> [MATERIAL PROVIDED]:

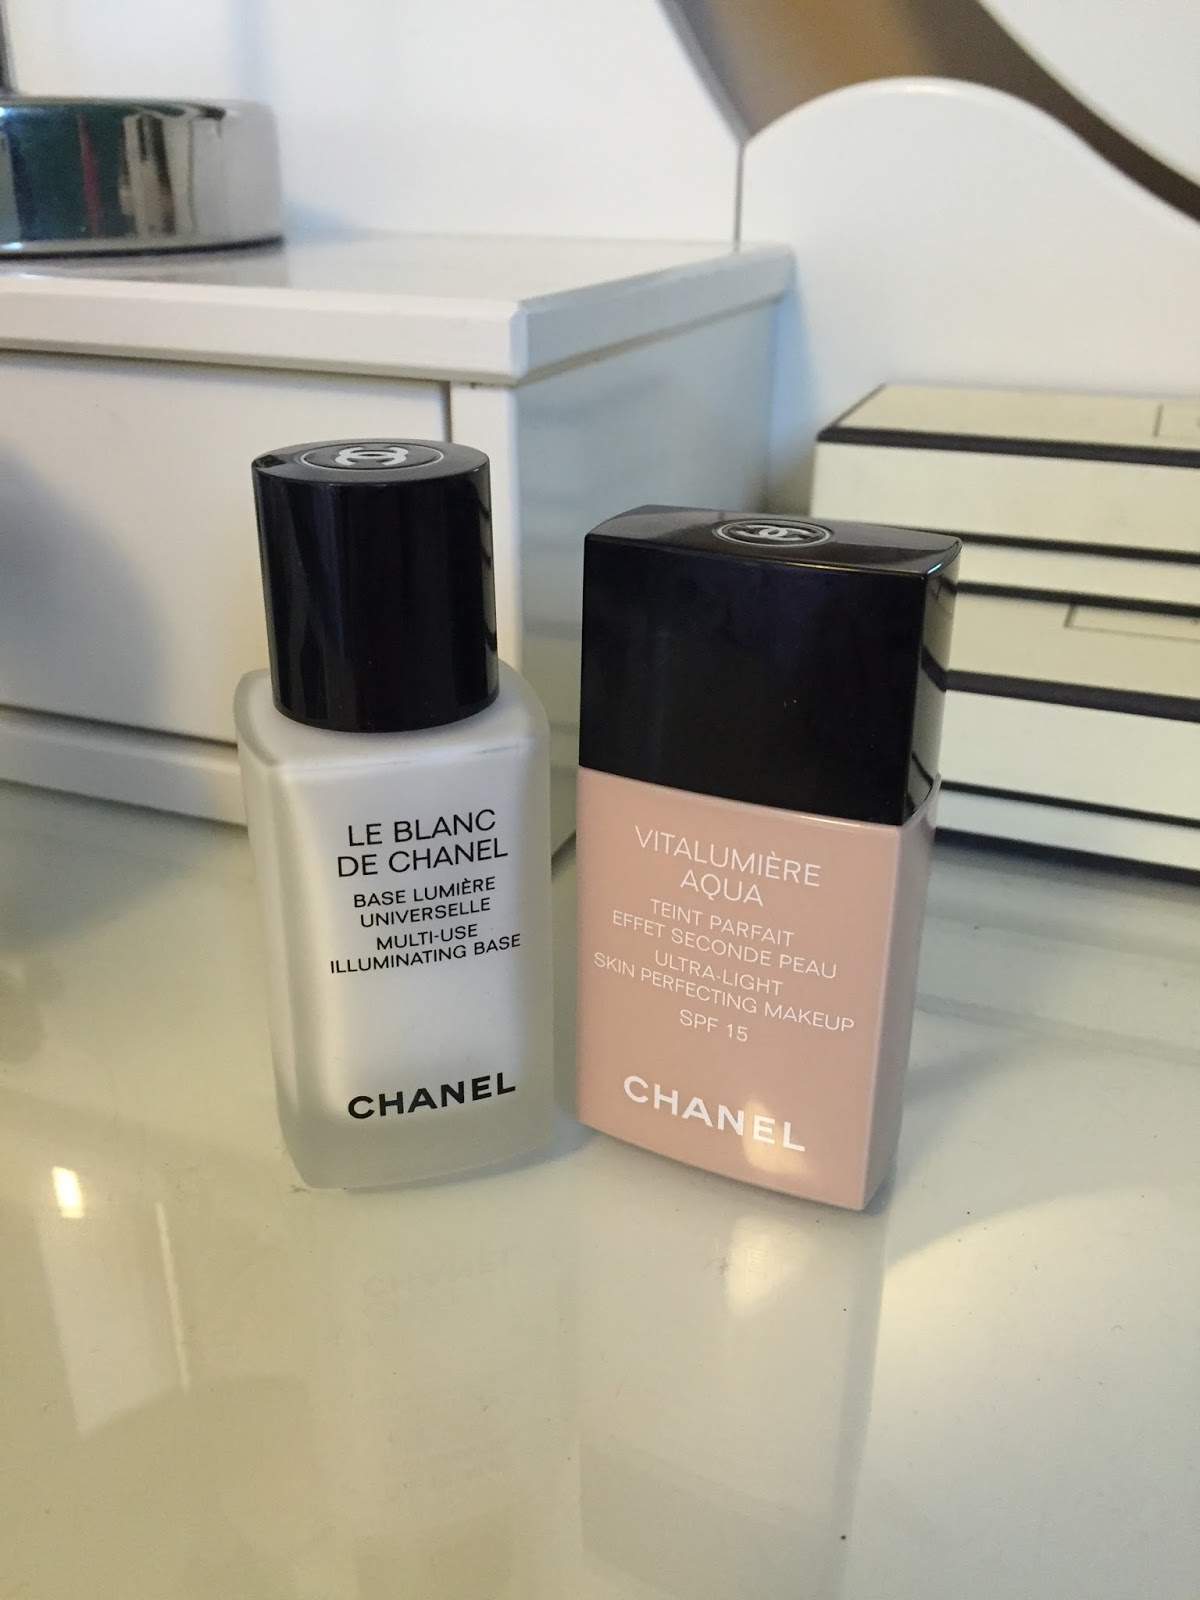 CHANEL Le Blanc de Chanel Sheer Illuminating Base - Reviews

==

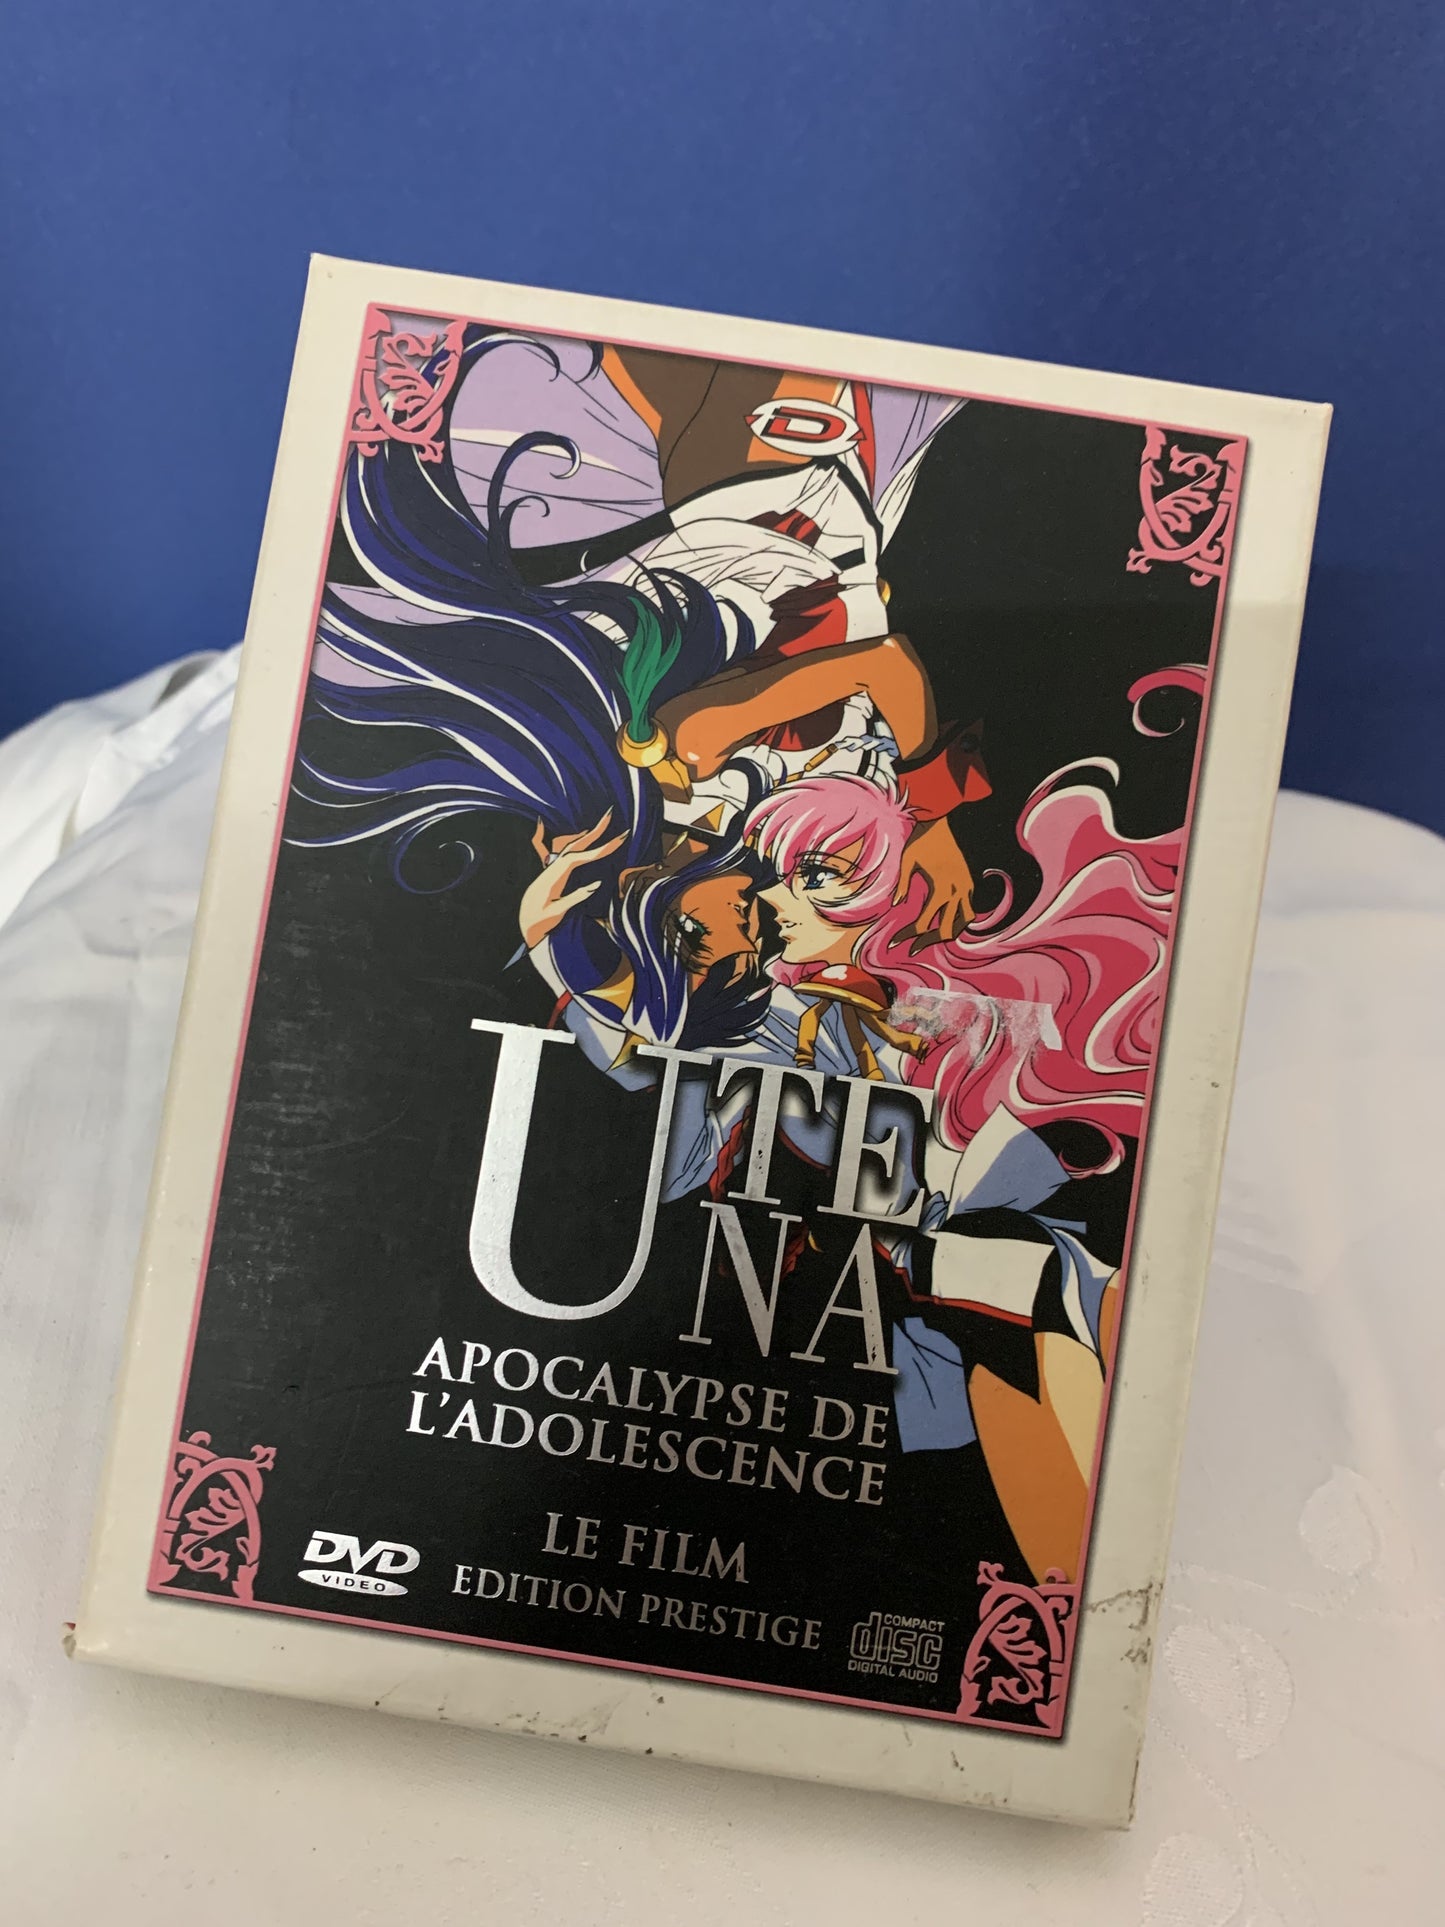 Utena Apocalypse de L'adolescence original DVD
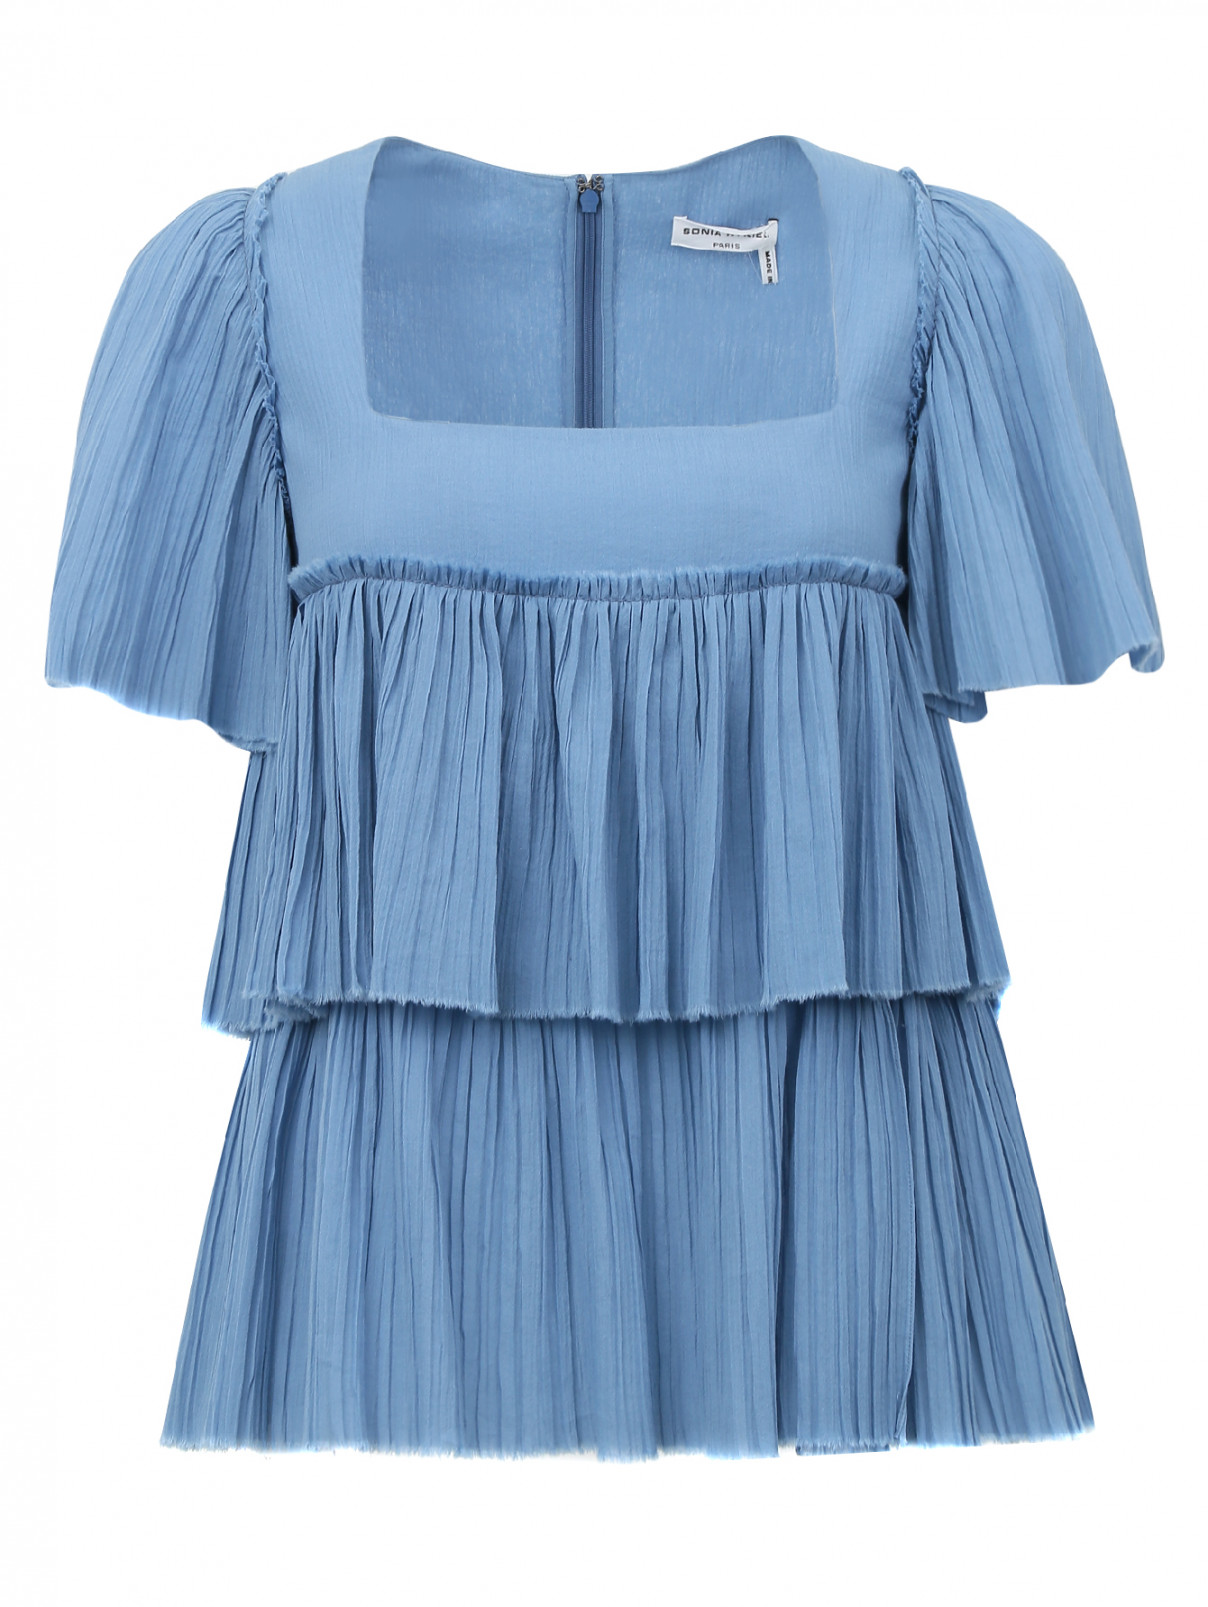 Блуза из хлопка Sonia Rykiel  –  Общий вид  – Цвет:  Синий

--

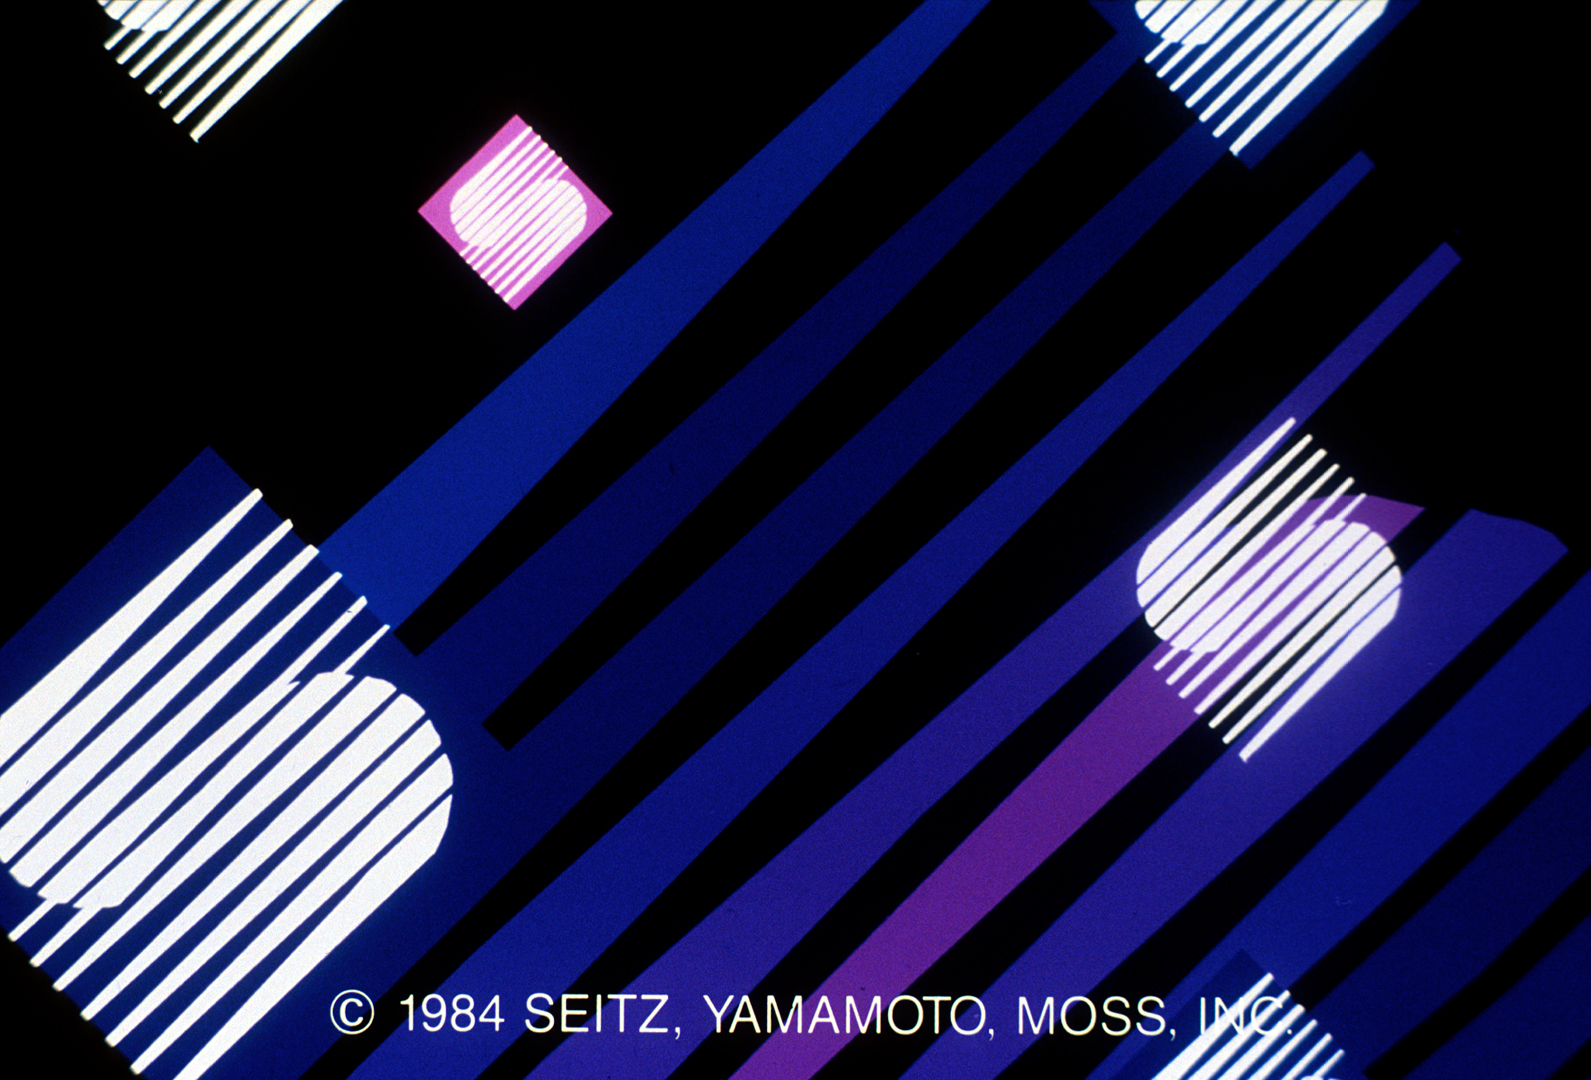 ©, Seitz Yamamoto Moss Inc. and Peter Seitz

> [WHAT YOU WILL DO]:
Your reply should consist solely of the lines above from the line containing "Utena Apocalypse de" up to and including the line containing "Блуза из хлопка", reproduced exactly, minus the pictures.

> [TASK RESULT]:
 Utena Apocalypse de L'adolescence original DVD
 Блуза из хлопка Sonia Rykiel  –  Общий вид  – Цвет:  Синий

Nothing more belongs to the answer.